From Force to Flow
A reflection on slowing down, growing older, and returning to what's real
It’s hard for me to admit, but lately my body has been asking me to slow down. I’ve been hearing the signals for months: aching joints, sore muscles, fatigue after exercise, and less energy and vitality in general. I’m in the final phase of perimenopause, and over the past two years, much of who I’ve been on a physical, mental, and emotional level has changed in a way that’s hard to put into words. I feel like a different person, and the reality of aging has really hit home.
I’ve been active my entire life. Skiing was a passion. I played on sports teams. I’ve always loved walking, hiking, and traveling. I’ve had dogs for most of my life. Moving my body has always been how I stay grounded. So when my knees started to ache after what used to be an average walk, I didn’t want to slow down. I assumed it would pass like it always did before. I pushed through. But it didn’t pass. I started waking up stiff and sore. It hurt just to rise from a chair. Something had changed. My body wasn’t bouncing back the way it used to.

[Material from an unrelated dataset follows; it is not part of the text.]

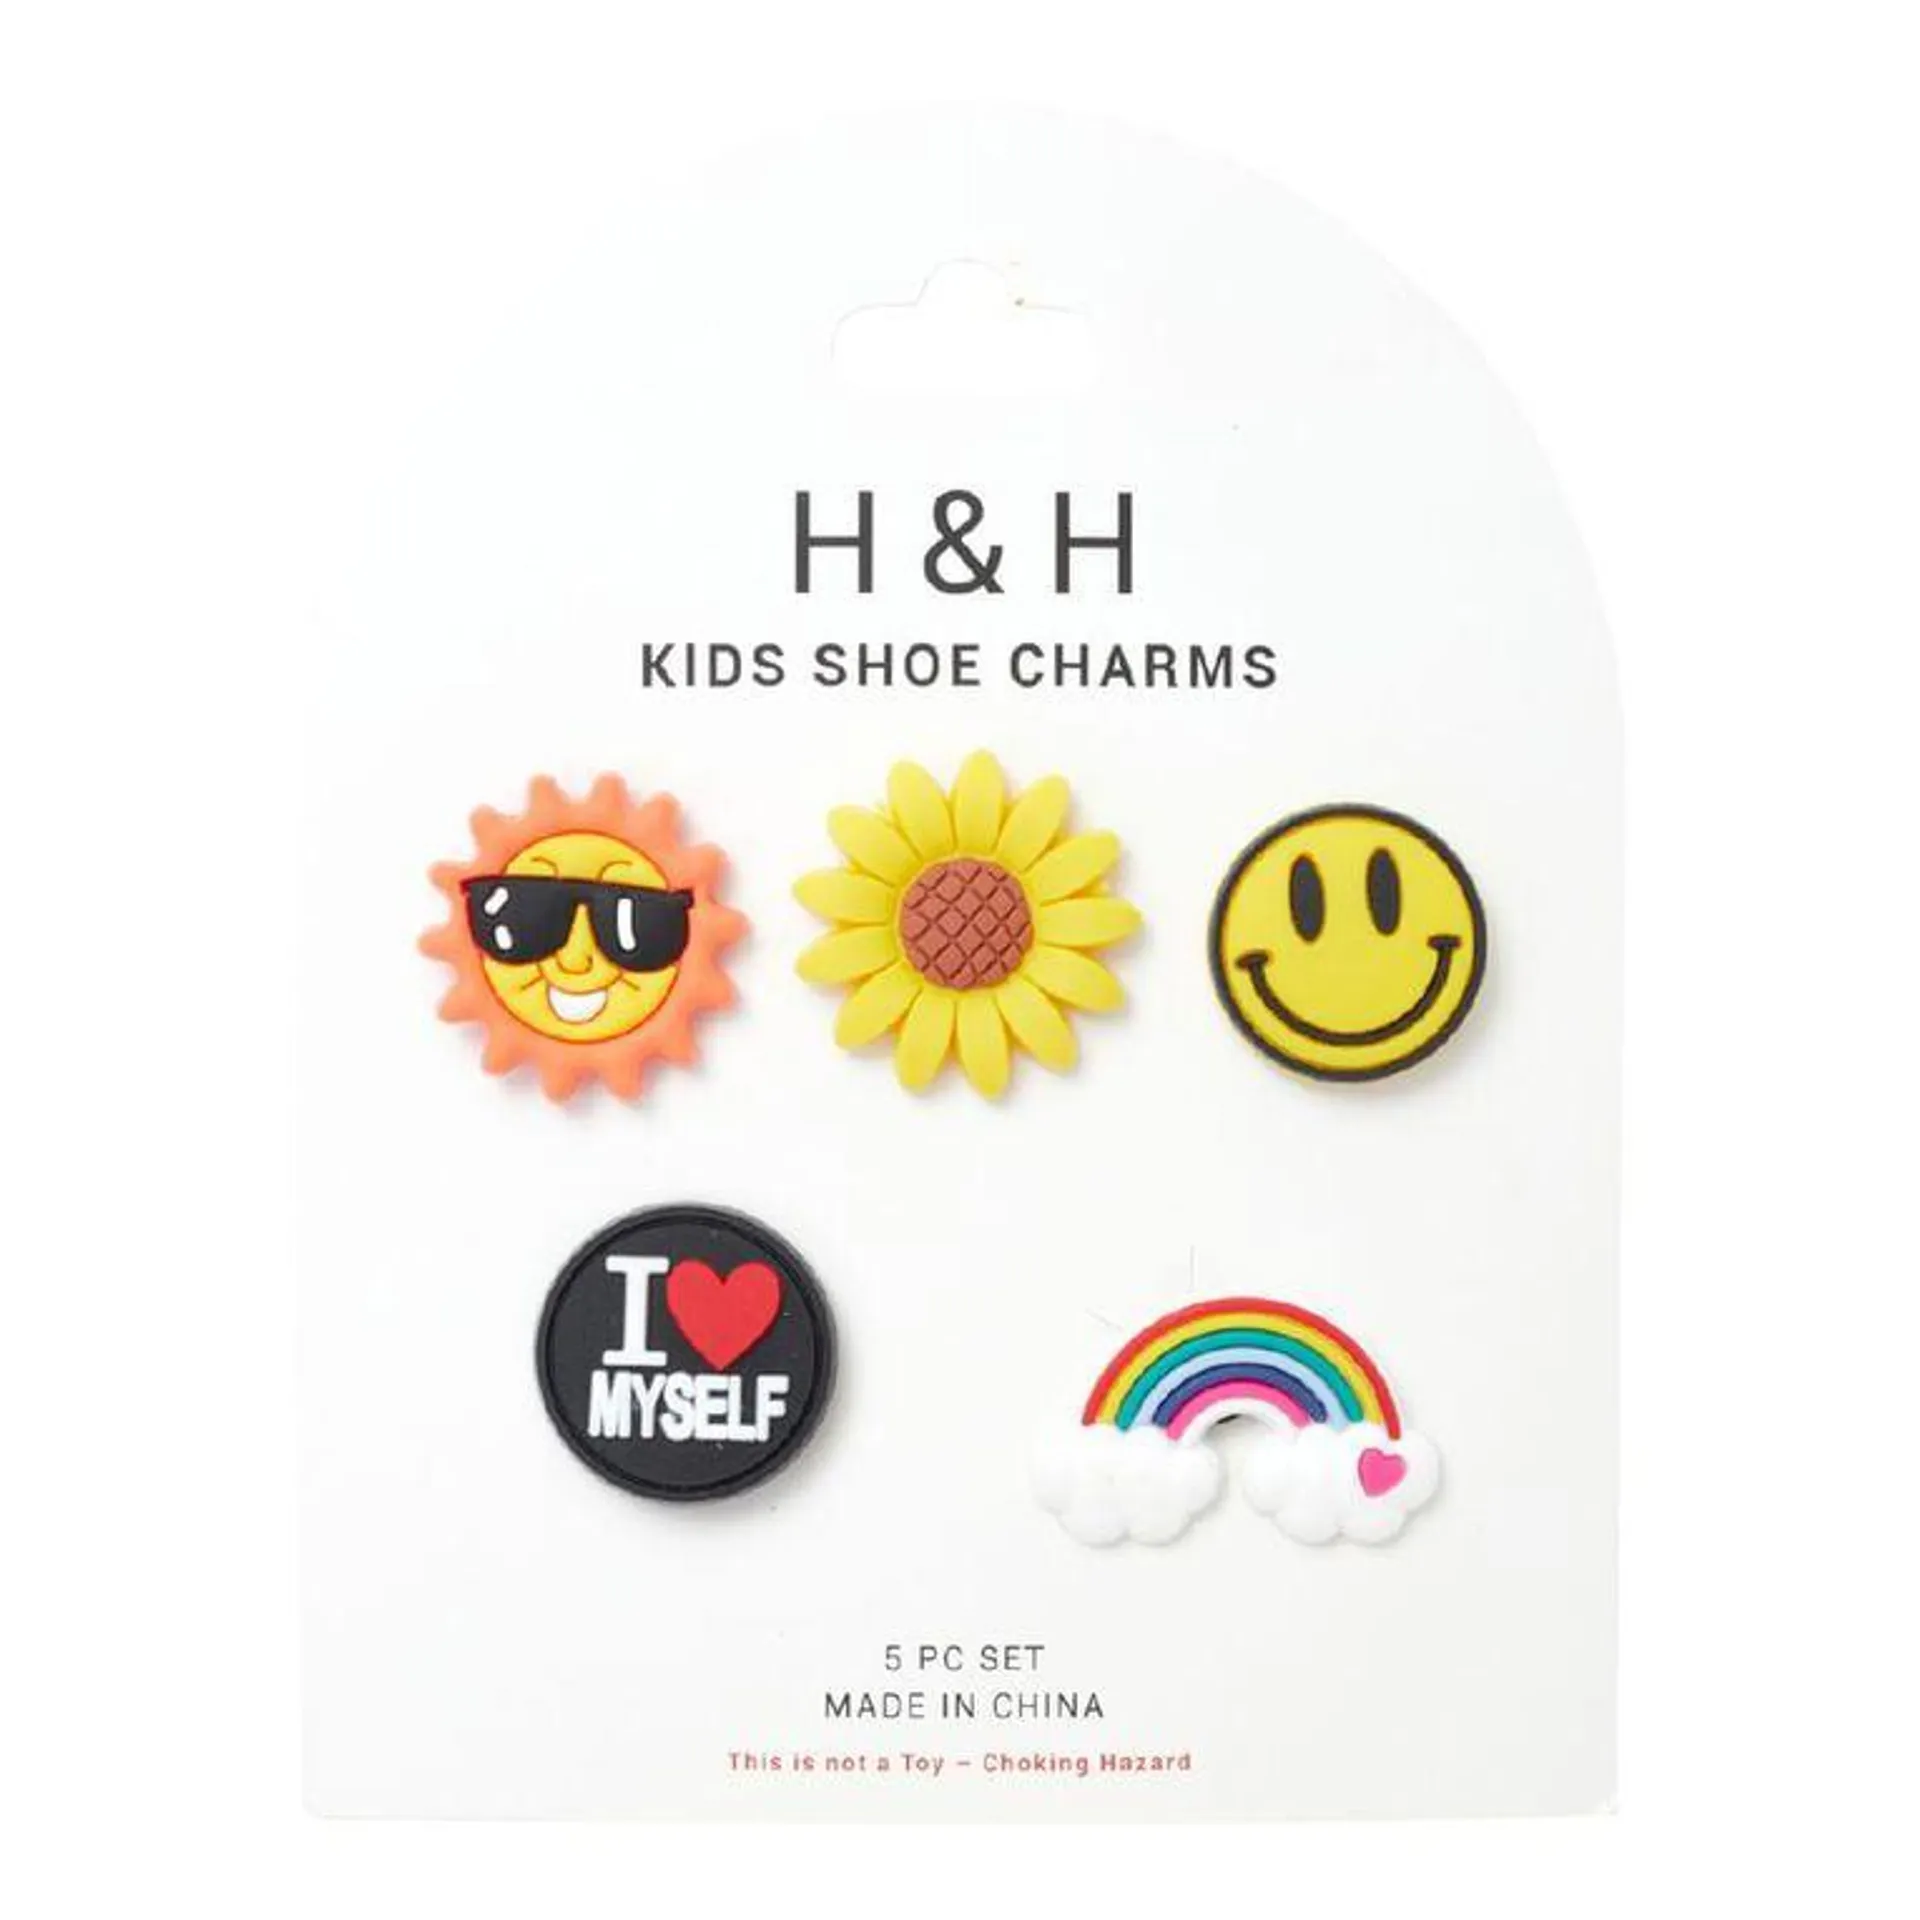 H&H Kids' Shoe Charms

A while back, I was in my acupuncturist’s office, talking about how tired I’d been. I told her I was considering starting a new business. She paused and said, “What would it look like to honor the energy you have now, at this stage of your life? You’re not 30 anymore. You don’t have the same jing.” (Jing, in Chinese medicine, is a form of foundational life force, something that naturally decreases with age.)
Her words really touched something in me. What would it feel like to honor the energy I have now, at 56? I’ve lived a full life. I’ve raised a daughter, built multiple careers, navigated divorce, traveled around the world, guided thousands of people through healing, and carried the weight of developmental trauma and the loss of three parents. I’m stronger because of what I’ve lived through. But that life force—my jing—has shifted. I knew that what was calling now wasn’t to squeeze more out of myself, but to let a new way of being in relationship with my life emerge from within.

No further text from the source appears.